Calcification, the deposition of calcium salts in a tissue, doesn’t happen outside of bones in normal conditions. However, abnormal deposition of this mineral in blood vessels and other organs can be seen in patients with diabetes and kidney disorders causing irreversible damage to the organs in which it occurs. When it occurs in heart, it would eventually lead to interruption of transmission of electrical signals. Calcification of heart muscle is considered as one of the causes of heart block.
Researchers from the Eli and Edythe Broad Center of Regenerative Medicine and Stem Cell Research at the University of California, started exploring this fascinating area of medicine in more detail.
Senior author of the study Arjun Deb said, “Heart calcification has been under-studied and under-reported, we asked the question, ‘What are the cells in the heart that cause calcification?’ and given the strong association between tissue injury, fibrosis, and calcification, we hypothesized that may be it is cardiac fibroblasts (cells that give rise to scar tissue after injury) that are contributing to the calcification process.”
Genetic tagging technology was used by Deb and his colleagues to understand the process of calcification within heart tissue. They noticed cardiac fibroblasts in mice getting transformed into bone-forming, osteoblast like cells in response to an injury. Furthermore, they transplanted the cardiac fibroblasts from wounded mice into subcutaneous tissue of healthy mice and observed that the soft tissue got calcified. In a similar way, the team demonstrated the calcification of human cardiac fibroblasts in vitro. The findings were recently published in Cell Stem Cell.

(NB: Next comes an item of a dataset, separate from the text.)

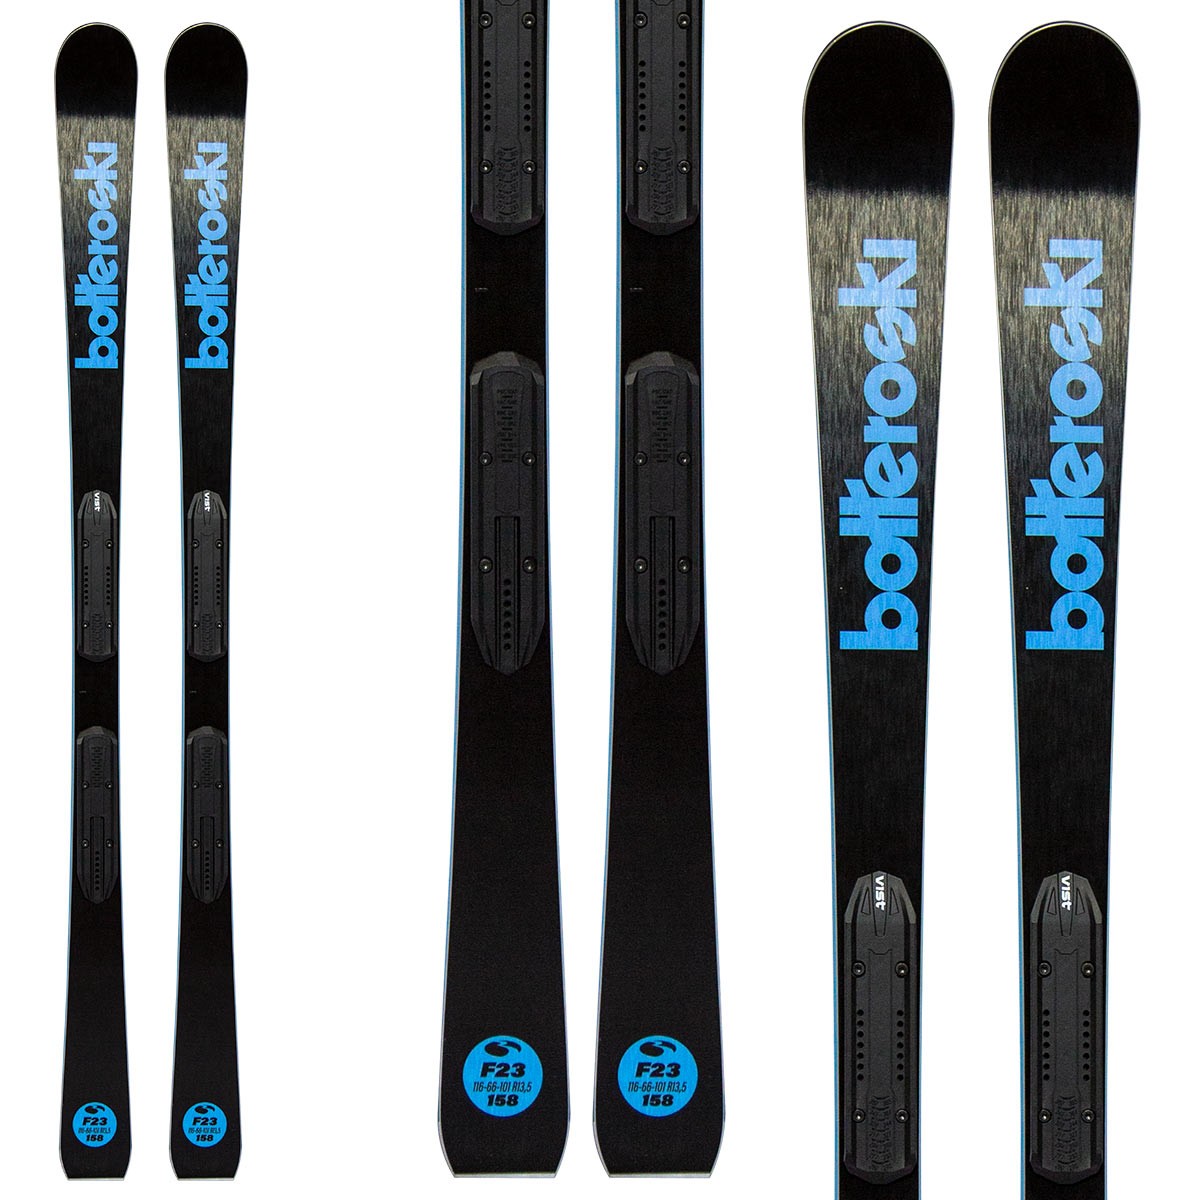  Sci Bottero Ski F23 con attacchi Vsp310 con piastra Speed System (Colore: nero-blu, Taglia: 158)

Further, the emphasis is on how this condition may be reversed or alleviated. The prime target for this investigation is ENPP1 (Ectonucleotide Pyrophosphatase/Phosphodiesterase 1), an enzyme that is over expressed by cardiac fibroblasts following an injury. Injection of ENPP1 inhibitors prior to injury resulted in reduction of calcification process by about 50 %
In particular, injection of etidronate, a drug that increases the bone mineral density, has shown most promising results with no measurable calcification following injury. This research lays a strong foundation for future research in this aspect of physiology. Deb says: “We now want to see whether this is a common pathway to calcification regardless of etiology and if what we found can be broadly applied to tissues across the body.”
Currently, the team is focusing on discovering other small molecules that alleviate or prevent calcification in blood vessels. Since ENPP1 is only efficient prior to injury, there is need to search for molecules that can be effective following an injury.